Manufacturing's Highest Value Aligns with Automation

Manufacturing's Highest Value Aligns with Automation

Manufacturing is one of America’s most essential industries. From packaging consumer goods to producing life-saving medical devices, where would we be without it? At the forefront of every conversation surrounding this industry is automation. Automation is a tool to keep things moving faster and to reduce overhead costs. Keeping costs low is one of manufacturing’s highest values. But an alarming number of manufacturers are not using this tool to its greatest benefit.

Business as usual is an inherent risk for manufacturers. Particularly as it relates to lack of automation.

During business disruptions, one of the most important predictors of a manufacturer’s success is the technology they have already invested in. In a survey done by IndustryWeek, manufacturing survey respondents were asked how much their investment in technology influenced their ability to continuously operate despite disruptions. Half of the respondents said that automation was the reason the business was able to go forward.

Manufacturers who lead with smarter solutions withstand both market disruptions and unforeseen industry shifts. In summary, automation and the use of new technology will supplant the risk of being undercut by leaner competitors and products because they are future-proofed. Unsurprisingly, one of the first places mentioned in cost-cutting conversations around manufacturing is on the production line. It poses some questions: Where can redundancies be eliminated with robotics? How can output increase without additional labor? What materials can make a product viable at a lower cost? While worthy ideas, these neglect a larger reality that this same scrutiny can be applied beyond factory floors and assembly lines. It also belongs in conversations about the back office.

Business units like Accounts Payable are often overlooked for technology overhauls, and for good reason. It is one of the least visible units of any business. However, it has the same—if not more—impact on overall productivity than any other administration office. Accounts Payable secures valuable relationships to international suppliers. They ensure that the highest-quality materials possible are sourced from around the world, ensuring product and business lines stay profitable. Without stable and satisfied suppliers, production cannot move forward.

It’s important to use tools or solutions that employ capacities like remote working and digital meeting technology as a way to adapt to the reality of current work from home procedures. Even AP personnel struggle to get payments out the door for various reasons, some of which are:

  • The invoices are locked in filing cabinets at a different location
  • AP cannot reach suppliers for payment details
  • Stacks of late or remaining payments require physical signatures before they go out

These issues affect the integrity of the business, just like front-office limitations. It stands to reason that there is value in adopting automated processes for AP, like remote approvals, fully electronic payment options for vendors, and the ability for controllers to log into a single portal and verify reconciled vendor payments.

The habit of automating before old technology causes loss of productivity belongs to the best companies of any industry.

A wholescale commitment to automation is the mark of a business that has adapted to modernization, not by force, but by design. Loss of productivity is one of the top three concerns of those polled by The National Association of Manufacturers as the market disruption from Covid-19 had its grips on American markets in early March. Member companies of the organization cited that after financial and recession concerns, loss of productivity was a primary fear for 41 percent of respondents.

Manufacturers need to put every line of business and every practice under the automation microscope. Even counterintuitive places like AP deserve consideration, especially at a time in history where political or social events abroad can so easily trigger disruptions in the supply chain, stalled goods, and bottlenecks in goods ordered but not yet distributed.

Paying in a single large electronic batch instead of chasing disjointed approvals all over the office brings tremendous improvement to the productivity of controllers, AP personnel, and supplier relationships. Don’t underestimate the impact of earning rebates on payments that could be costing you more now, both in time and overall financial data security.

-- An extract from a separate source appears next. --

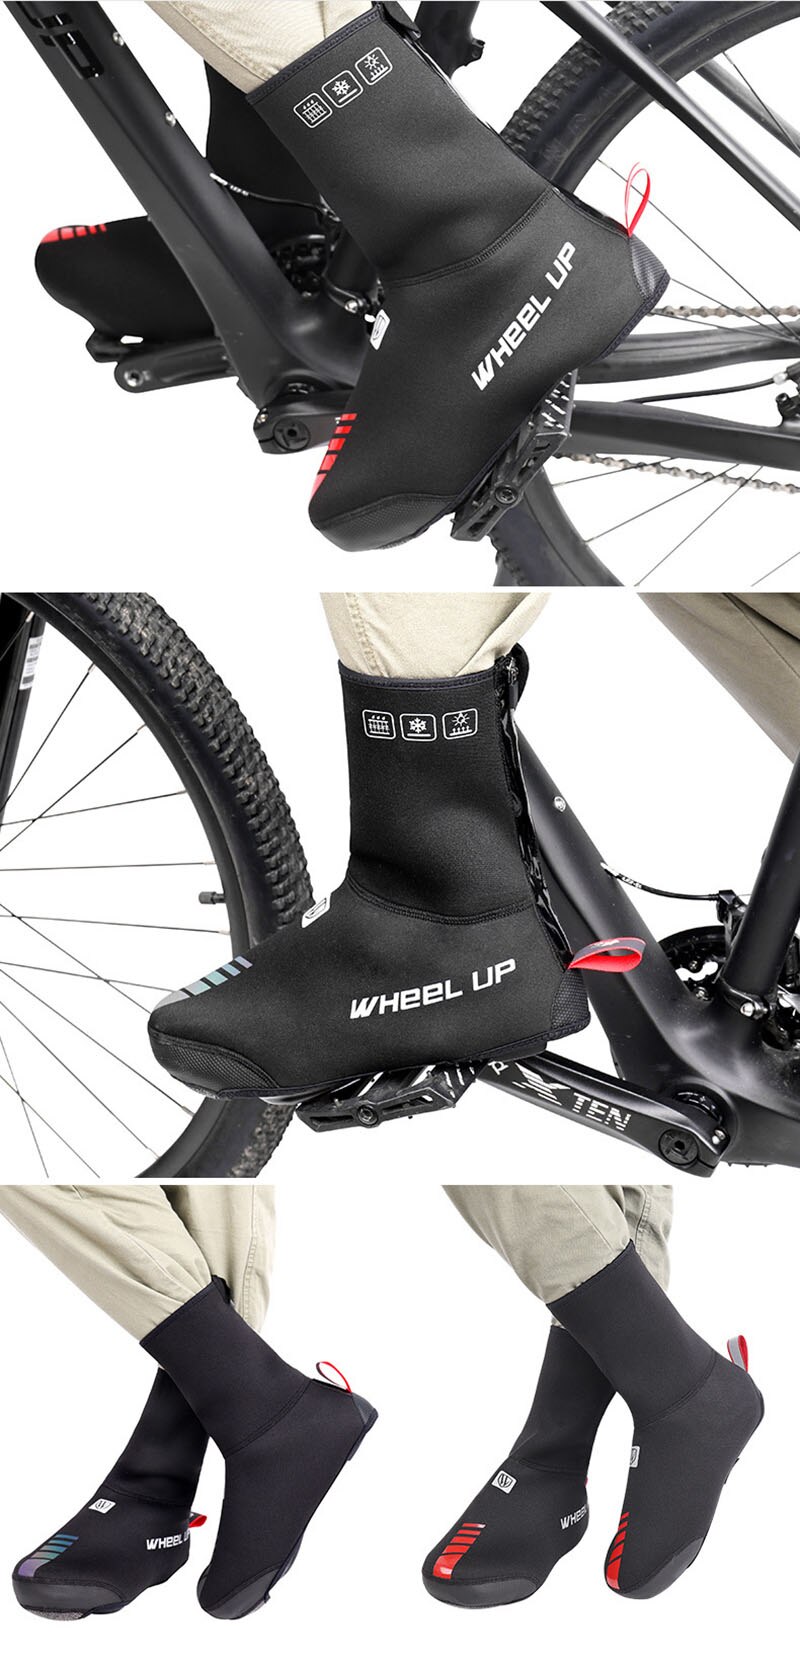 WHEEL UP Winter Waterproof Cycling Shoe Cover Reflective Bike Shoe Covers Cold-proof Warmer Bicycle Overshoes Boot Covers

Manufacturers must keep with the industry’s highest value —keeping costs down in every business unit.

Manufacturing’s highest value aligns perfectly with automated solutions.  Learning to embrace digital solutions over manual ones is the first step to thriving in your industry. Now that many have converted to digital meetings and remote monitoring tools drive production lines, what tools may your back office still need for success? Banking on technology is a safe bet for success in every business unit. And while variables may be in flux around business demand or international markets, you don’t need to rely on those to predict the success of your manufacturing business. Automation will do that for you.